FAQs

Ontology design

Q: If I’m considering using two separate entities that have a great deal of overlap (greater number of members in intersection than not, for example), is it best to merge them into one entity to avoid redundancy? Or better to keep separate to guarantee integrity of generated examples?

A: In general, it is better to keep them separate. But be mindful of the kinds of sentences in which these occur. Are these identical or nearly so? If so, it may make sense to combine.

Over-generation

Q: How much does over-generation of examples hurt?

A: In test data, you absolutely do not want to over-generate (such as use a grammar that generates unrealistic utterances), since you want the test data to maximally match what the system will encounter in production.

For training data, some over-generation is acceptable. It is unknown exactly how much unrealistic training data can be added before the performance of the model begins to degrade, but as a rule of thumb, try to limit over-generated/unrealistic data to no more than 20% of training data.

Entity spans

Q: Does it ever make sense to include full noun phrases (preceding determiner, adjective) in an entity? For example:

{OPEN_INSURANCE_POLICY} I want to get insurance for [INSURED_OBJECT] my new car [/] {/}

vs.

{OPEN_INSURANCE_POLICY} I want to get insurance for my new [INSURED_OBJECT] car [/] {/}

A: Whether a determiner is included in an entity is a decision that needs to be made for each project and documented in the annotation guide. However, in general, it is probably better to leave determiners out of entities, simply because they are not necessary to understand the meaning of the entity, and it is often possible for different determiners (or no determiners) to precede an entity.

As for adjectives like “new” in the example above, the question is whether the notion of a “new car” is important to the overall application. For example, if you are booking a space on a ferry, the application logic will be the same so matter how old the car is, so the NLU doesn’t need to capture it. On the other hand, if you are applying for car insurance, then the age of the car is very important to the business rules that decide how much the insurance will cost. In this case, it’s easy to imagine a user saying not just “new car”, but also “old car”, “new truck”, “old motorcycle”, and so on. Given this ability to combine different ages and insured objects, it would be more efficient (both for the NLU model and for downstream processing) to create a second entity [AGE] : “my [AGE] new [/] [INSURED_OBJECT] car [/]”.

Literal-to-value mappings

Q: When is it appropriate for the literal and value in entity {literal, value} pairs to be identical, and when should they differ? Can/should the literal-value mapping be used to provide more fine-grained information? For example, consider entity type PAYMENT_METHOD for an intent PAY_BILL—we want to know whether the user will pay by credit card, check, or money order. Here are two example utterances:

  • Pay my bill by credit card

  • Pay my bill by Mastercard

The value for the literal “credit card” should be simply “credit card”. But since a Mastercard is a kind of credit card, should the value for “Mastercard” be “mastercard”, or should it be something like “credit card.mastercard”?

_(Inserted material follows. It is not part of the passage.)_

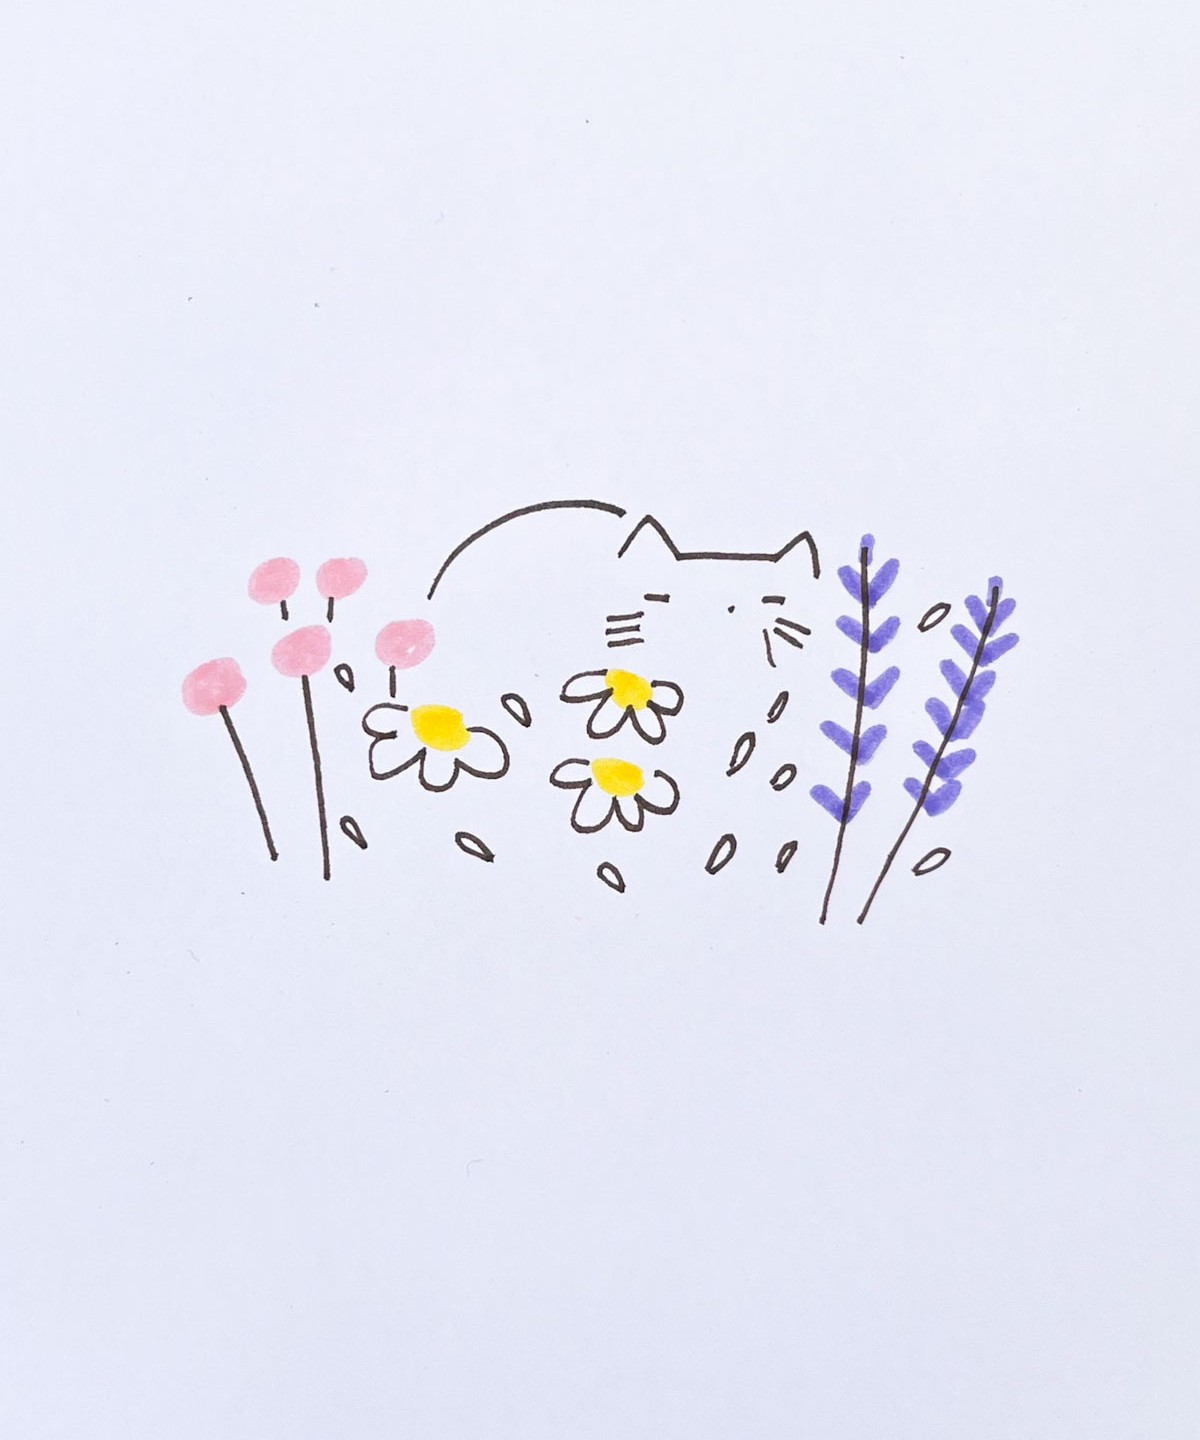 Cat in Flower Field

A: Values exist primarily because there are often different ways to express the same entity value. For example, “big” and “large” both mean the same thing, so these two literals should map to the same value (which could be either “big” or “large”). But it doesn’t actually matter what the string of the value is, as long as it is unique—instead of “big” or “large”, it could just as easily be “arcfrgu”—but this would make the NLU model and downstream application logic harder to understand. From this point of view, it doesn’t matter what the value associated with a literal is.

However, the specific value “credit card.mastercard” is problematic because the dot implies that the value has internal structure, but it doesn’t—it is simply a text string. The NLU model doesn’t need to know or care that a Mastercard is a kind of credit card—and downstream processing will have to know in any event. Therefore, “mastercard” is the better value here.